Demnach war die Neutralisationsaktivität der Seren bei der neuen Variante deutlich niedriger als bei anderen Virusvarianten und verschwand bei einem Probanden völlig. »Die Erkenntnisse deuten darauf hin, dass 501Y.V2 der Kontrolle durch neutralisierende Antikörper nach einer natürlichen Infektion entkommen kann«, heißt es in der Publikation. Diese wecke die Sorge, dass der Immunschutz gegen Reinfektionen beziehungsweise der durch Impfungen induzierte Schutz gegenüber der Variante reduziert sein könnte. Allerdings betonen die Autoren, dass es noch unklar sei, inwieweit neutralisierende Antikörper für den Schutz notwendig seien und welche Rolle spezifische T-Zellen hierbei spielten, die bei einer Infektion und einer Impfung auch gebildet werden.

In einer weiteren Studie aus Südafrika testete ein Team um Professor Dr. Penny Moore von der Witwatersrand-Universität in Johannesburg die Aktivität von Seren von Genesenen gegen verschiedene Kombinationen von Mutationen. Hierfür verwendeten die Forschenden Pseudoviren, nämlich ein HI-Virus, das mit verschiedenen Versionen des Spike-Proteins von SARS-CoV-2 ausgestattet wurde. Die Variante 501Y.V2 kann drei therapeutisch relevanten monoklonalen Antikörpern vollständig entkommen, schreiben sie auf »BioRxiv«. Zudem war sie nur noch wenig bis gar nicht mehr durch neutralisierende Antikörper aus dem Genesenen-Plasma angreifbar. Auch das Team um Moore fürchtet, dass die Wirkung der Spike-basierten Impfstofe reduziert sein könnte.

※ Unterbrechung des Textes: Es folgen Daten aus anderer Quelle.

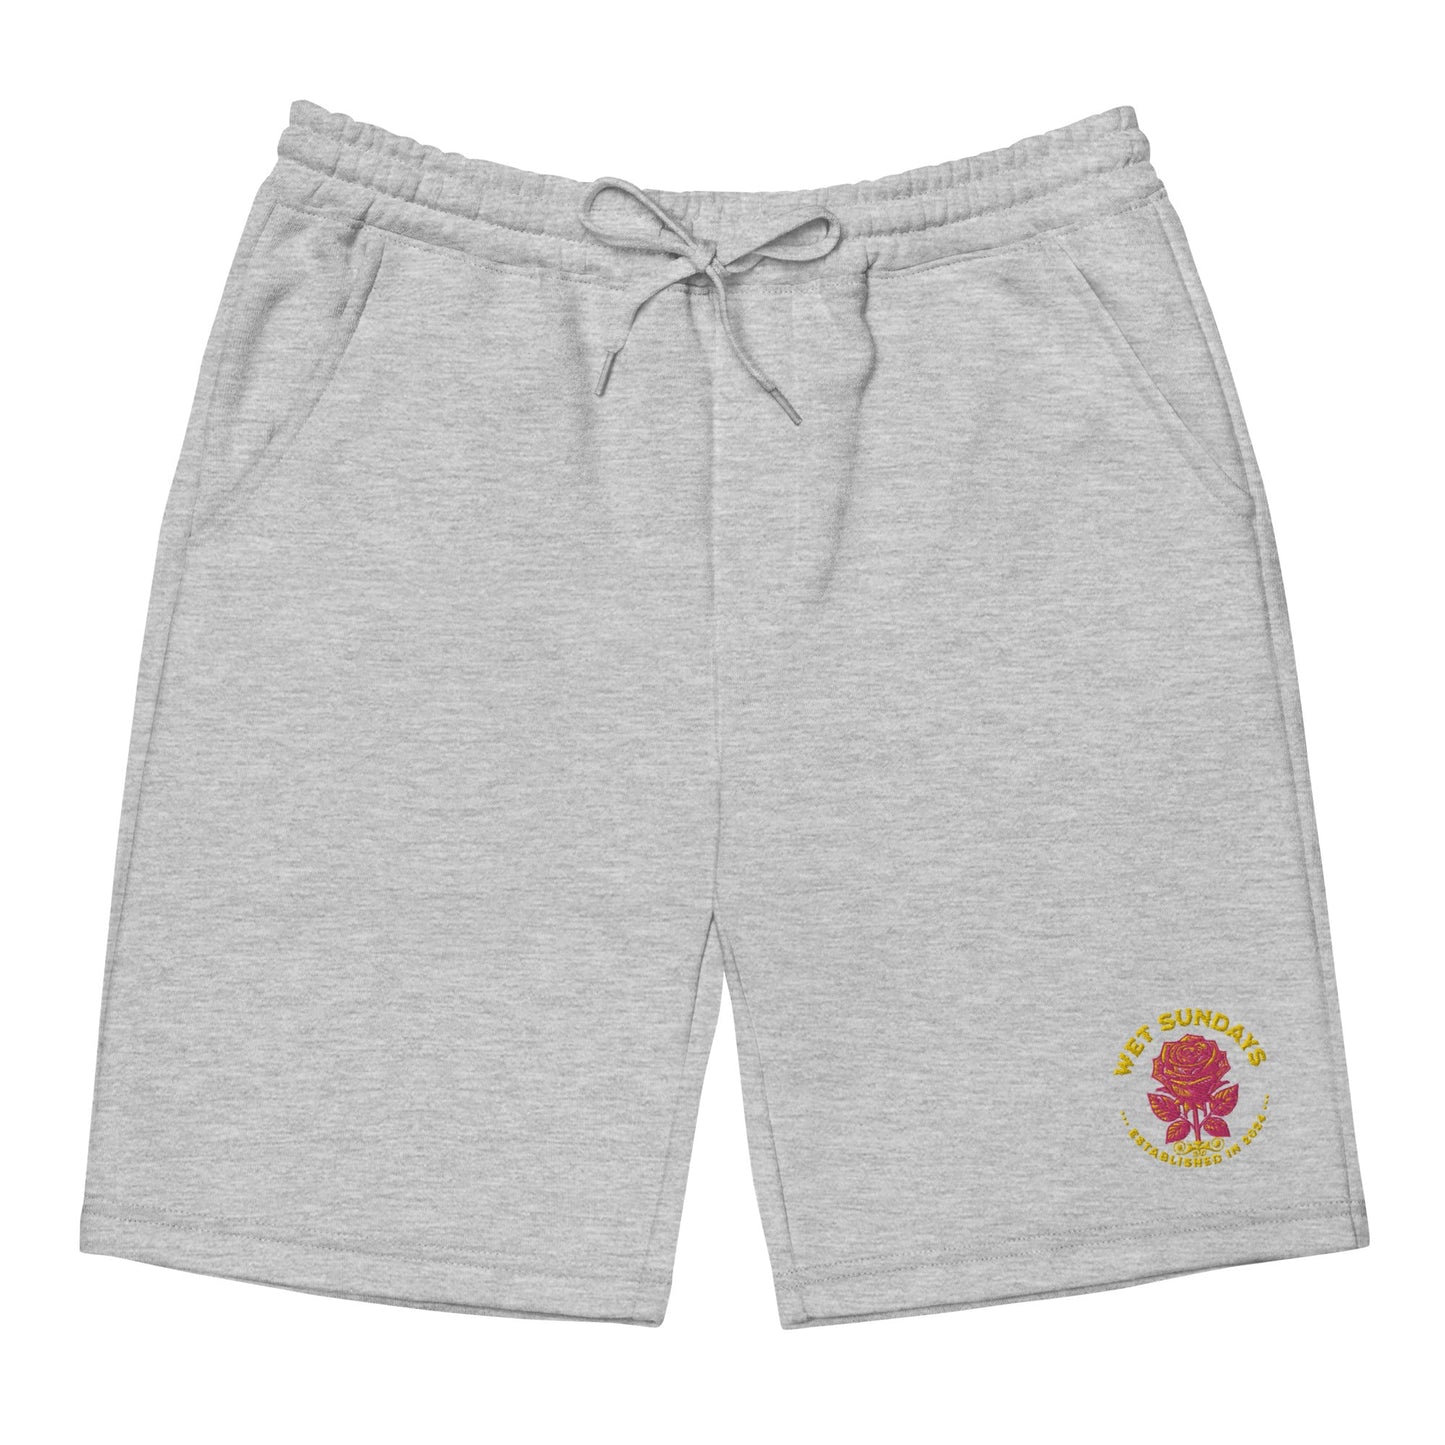 Men's Roses Embroidery fleece shorts - Wet Sundays

Professor Dr. Tulio de Oliveira, Seniorautor der Studie aus Durban, kommentiert gegenüber der Nachrichtenseite des Fachjournals »Nature«: »Das ist sehr besorgniserregend.« Es gebe inzwischen Belege für einige Reinfektionen mit der 501Y.V2-Variante. Ihre Fähigkeit, dem Immunsystem in Teilen zu entkommen, treibe vermutlich ihre Ausbreitung in Regionen, die von der ersten Pandemiewelle stark betroffen waren, sagt de Oliveira.

In weiteren Untersuchungen wollen beide Arbeitsgruppen testen, wie Seren von Geimpften mit den Coronavirus-Varianten zurechtkommen. Zudem werden für die kommenden Wochen Ergebnisse von Phase-III-Impfstoffstudien aus Südafrika erwartet, heißt es in der Publikation aus Durban. Falls die Variante einen Effekt auf die Impfstoffwirksamkeit habe, könne man darin vielleicht schon ein Signal erkennen.